Over the past month, there have been countless articles looking back at events from the past year, and almost as many focused on the past decade. Why stop there? This column continues to look back as far as necessary to find interesting events in comics history. This time around, we start by diving back 108 years before concluding in 1992.
Before comics were published in books or stapled pamphlets, they found success in newspapers. I’ve told you about one of the first comics strips before, and how its positive impact on circulation was noticed immediately. Despite the undeniable appeal, newspapers across the country inexplicably took a “less is more” approach and kept comics limited to scattered locations and schedules for almost 20 years. The name of the game was variety, not ongoing stories or brands.

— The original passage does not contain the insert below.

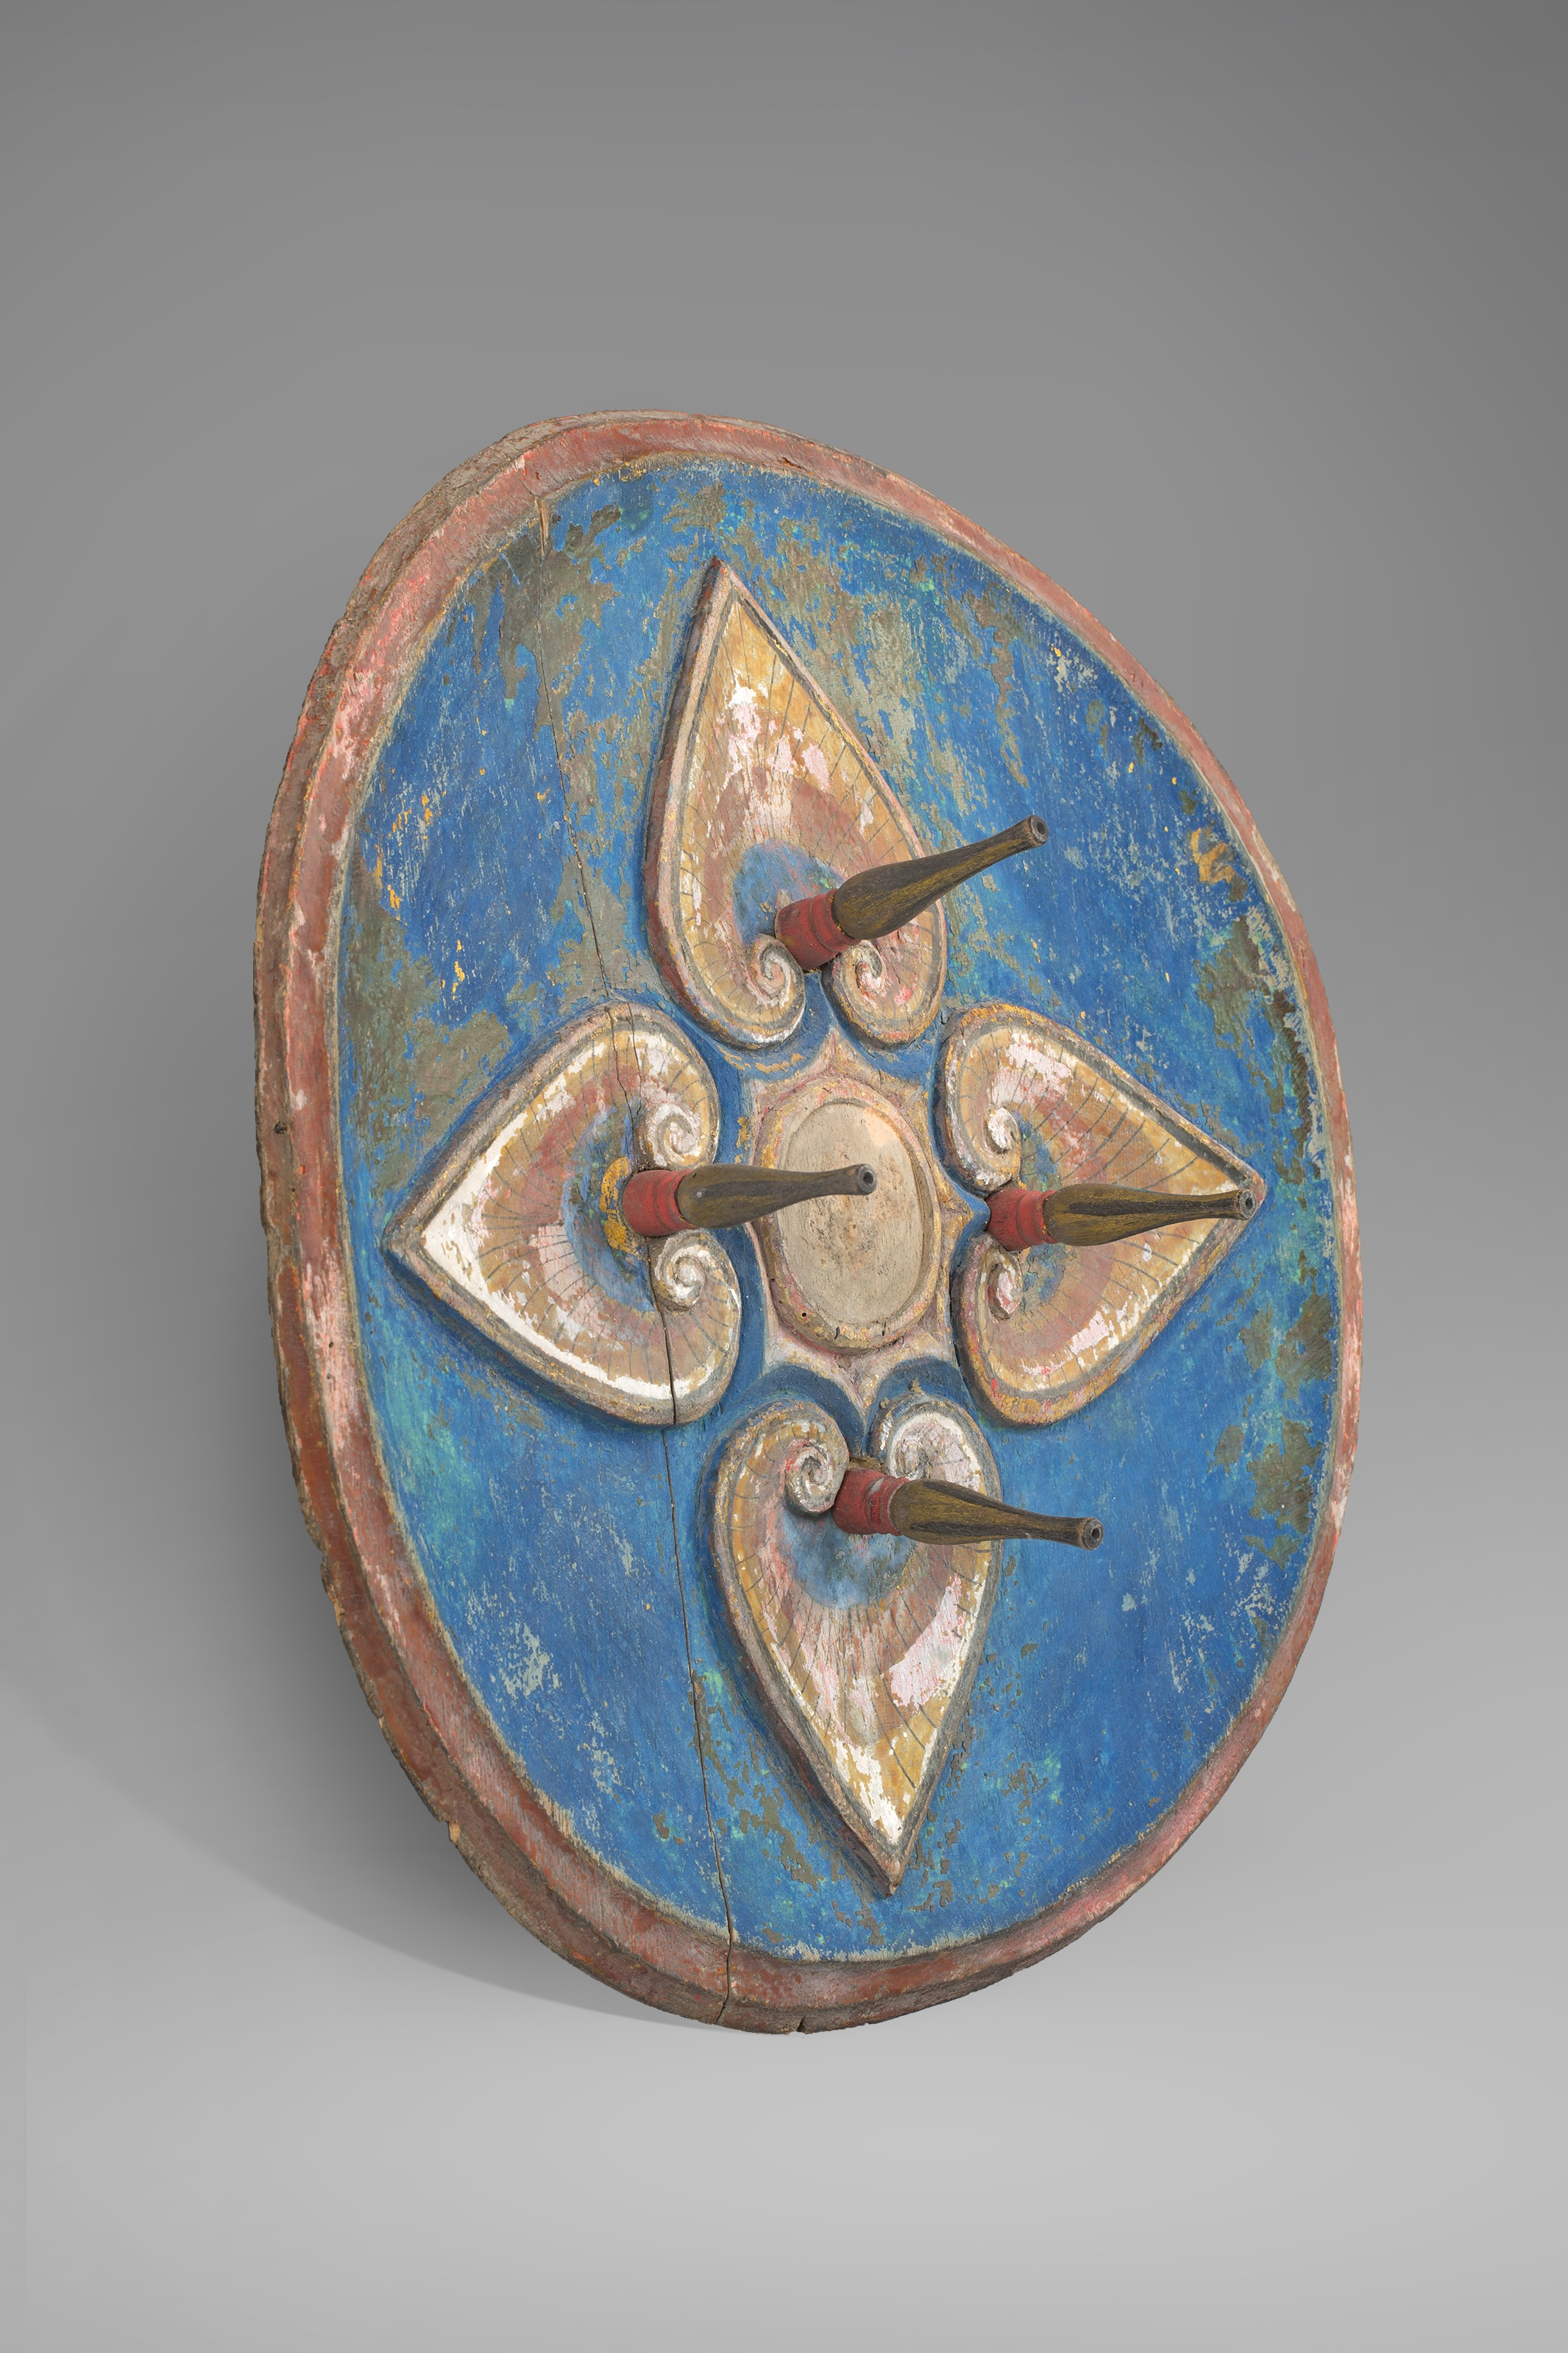 Bali, ceremonial shield, ca 1930. Image courtesy of Bill Evans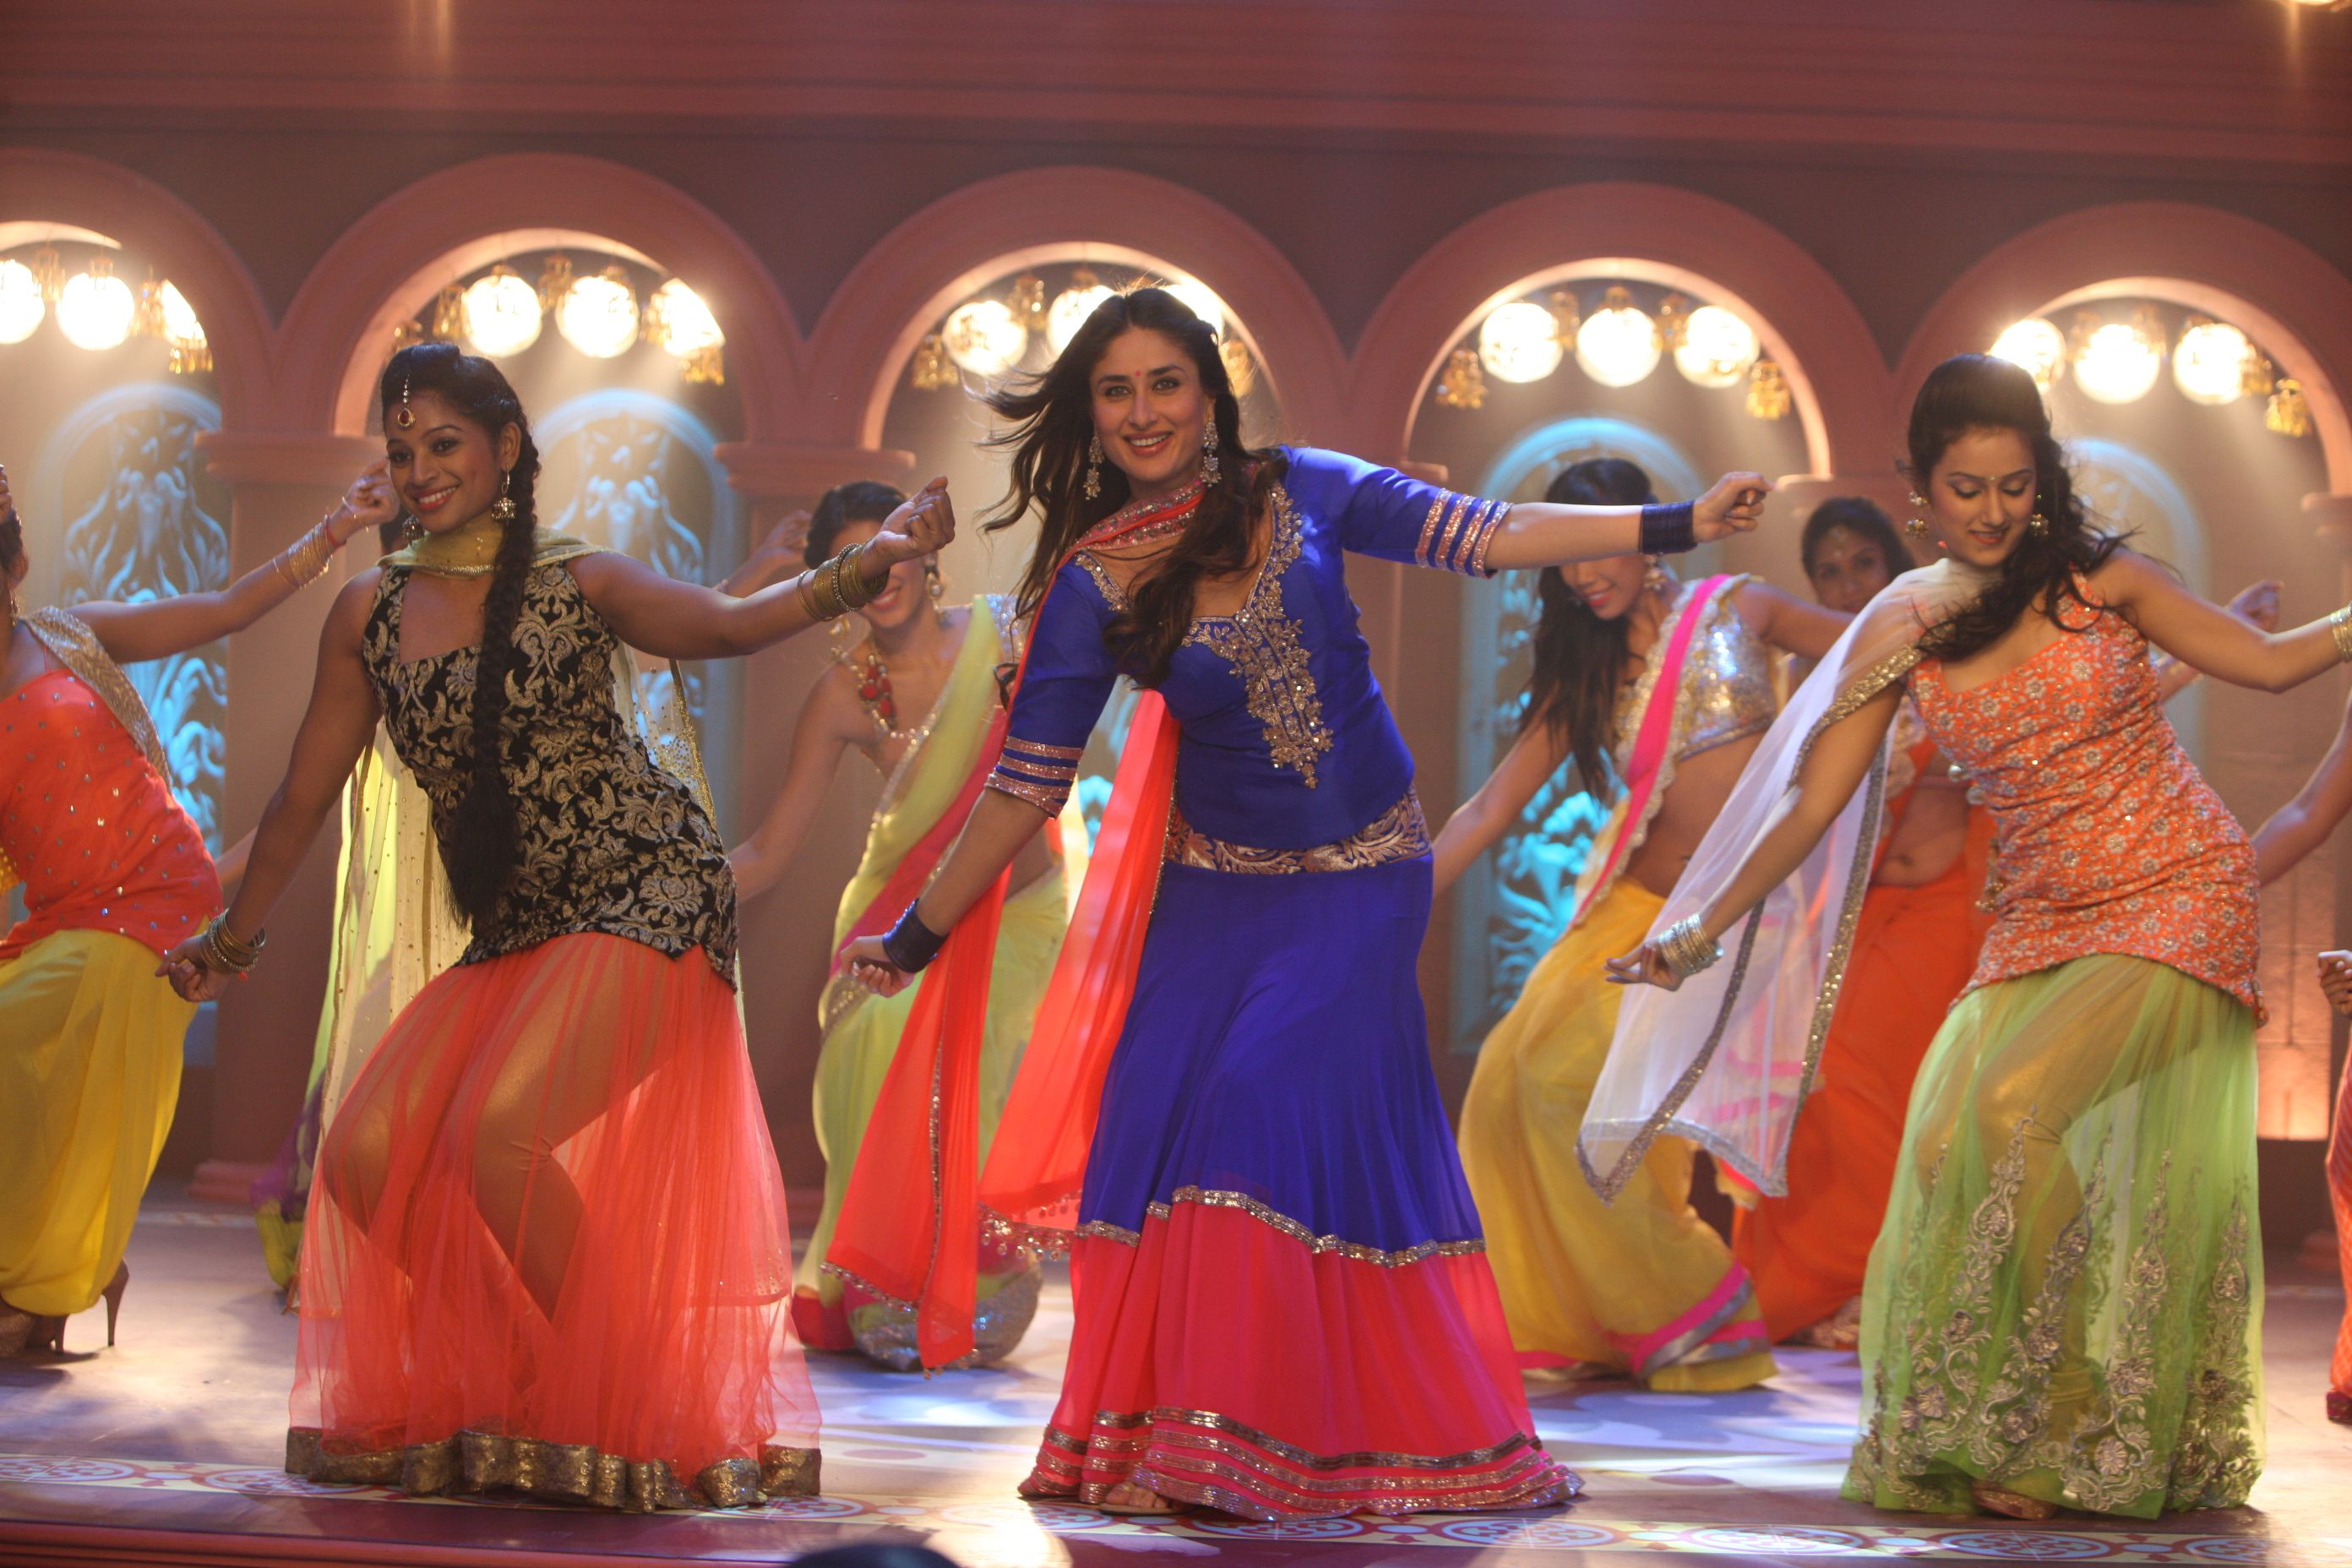 A still from 'Tooh' | Bollywood dance, Asian wedding dress ...

That’s why the Wednesday, January 31, 1912, edition of the “New York Evening Journal” became part of comics history when it featured the first daily comics page. Unlike the modern comics page with up to 30 comic strips packed to sheet, the original comics page only had four large strips. Notably, it was the same four strips every day, including the “Desperate Desmond” strip shown above by Harry Hershfield. The content grew slowly, edging its way up to nine strips in the 1920s.
Of course, the debut was only a test run. The “Evening Journal” was part of William Randolph Hearst’s newspaper empire, and the comics page began appearing in his other afternoon papers within a few days. Other publishers followed suit, and it wasn’t long before the daily comics page was an American staple.
For nearly ten years, on of the major appeals of Marvel Comics was the soap opera element that came through continuing stories. Despite near-constant recaps, readers who missed an issue really felt like they missed an issue. Similarly, cliffhanger endings also gave readers a reason to anticipate the next installment. It was a unique element at the time, a stark contrast to the done-in-ones from DC that had minimal carry-over continuity between issues.
In issues cover dated September 1969, Stan Lee used his soapbox to announce that only half the mail they received supported this type of storytelling, and that effective a few months hence, all Marvels would be limited to single-issue stories with continued stories being rare exceptions. Creators wrapped up whatever lingering plots they had, and most made the format transition beginning with issues cover dated January 1970. Creators found it limiting, and some skirted the guideline and kept doing continuing stories anyway. Readers found it to be a frustrating step backward and wrote in en masse. The plan was formally abandoned in Stan’s Soapbox appearing in issues cover dated December 1970.
In the early 1990s, there was a paucity of minority characters in comics, and the ones that existed were mostly seen as caricatures instead of characters. To rectify this, six geographically-scattered small/self-publishers teamed up to present accurate portrayals with added authenticity derived from minority creators. Separately, Afro Centric Comic Books, Hype Comics, Up Comics, Dark Zulu Lies, Africa Rising, and Omega 7 had been publishing underground comics mostly limited to black-oriented bookstores. When they formally merged into ANIA in January 1993, they gained mainstream attention and worked out deals to get their work into the direct market and onto newsstands.
According to some contemporary coverage, ANIA was a meaningless name chosen because it would get their products into the front of the alphabetical distributor catalogs. A few sources reported that it was a Swahili word for “protect and defend”. I’m not fluent in Swahili myself, but Google translate doesn’t recognize it. I’m inclined to believe the claim that it’s meaningless, or at least that any meaning is more private.
The coalition received lots of press coverage, including a CNN special, before they released any comics. Nearly all the coverage compared and contrasted ANIA with Milestone, the other black-led and minority-focused publisher who formed at nearly the same time. While Milestone was mostly fine with a live-and-let-live policy, ANIA often attacked Milestone for their distribution deal with DC, for their mainstream approach to superhero comics, and for not being “black enough”.
In the end, ANIA fizzled from a lack of follow-through and bad publicity. Few of their ongoing series lasted beyond the first issue (“Ebony Warrior”, shown above, did have a second issue). Writer Nabile P Hage, who had operated independently as Dark Zulu Lies, stood outside on a third floor ledge on the Georgia Capital Building in costume and tossed copies of his “Zwanna: Son of Zulu” comic to onlookers until he was arrested. This event, combined with the sexist, homophobic, and racist content of his comic, became the public face of ANIA until he left the group.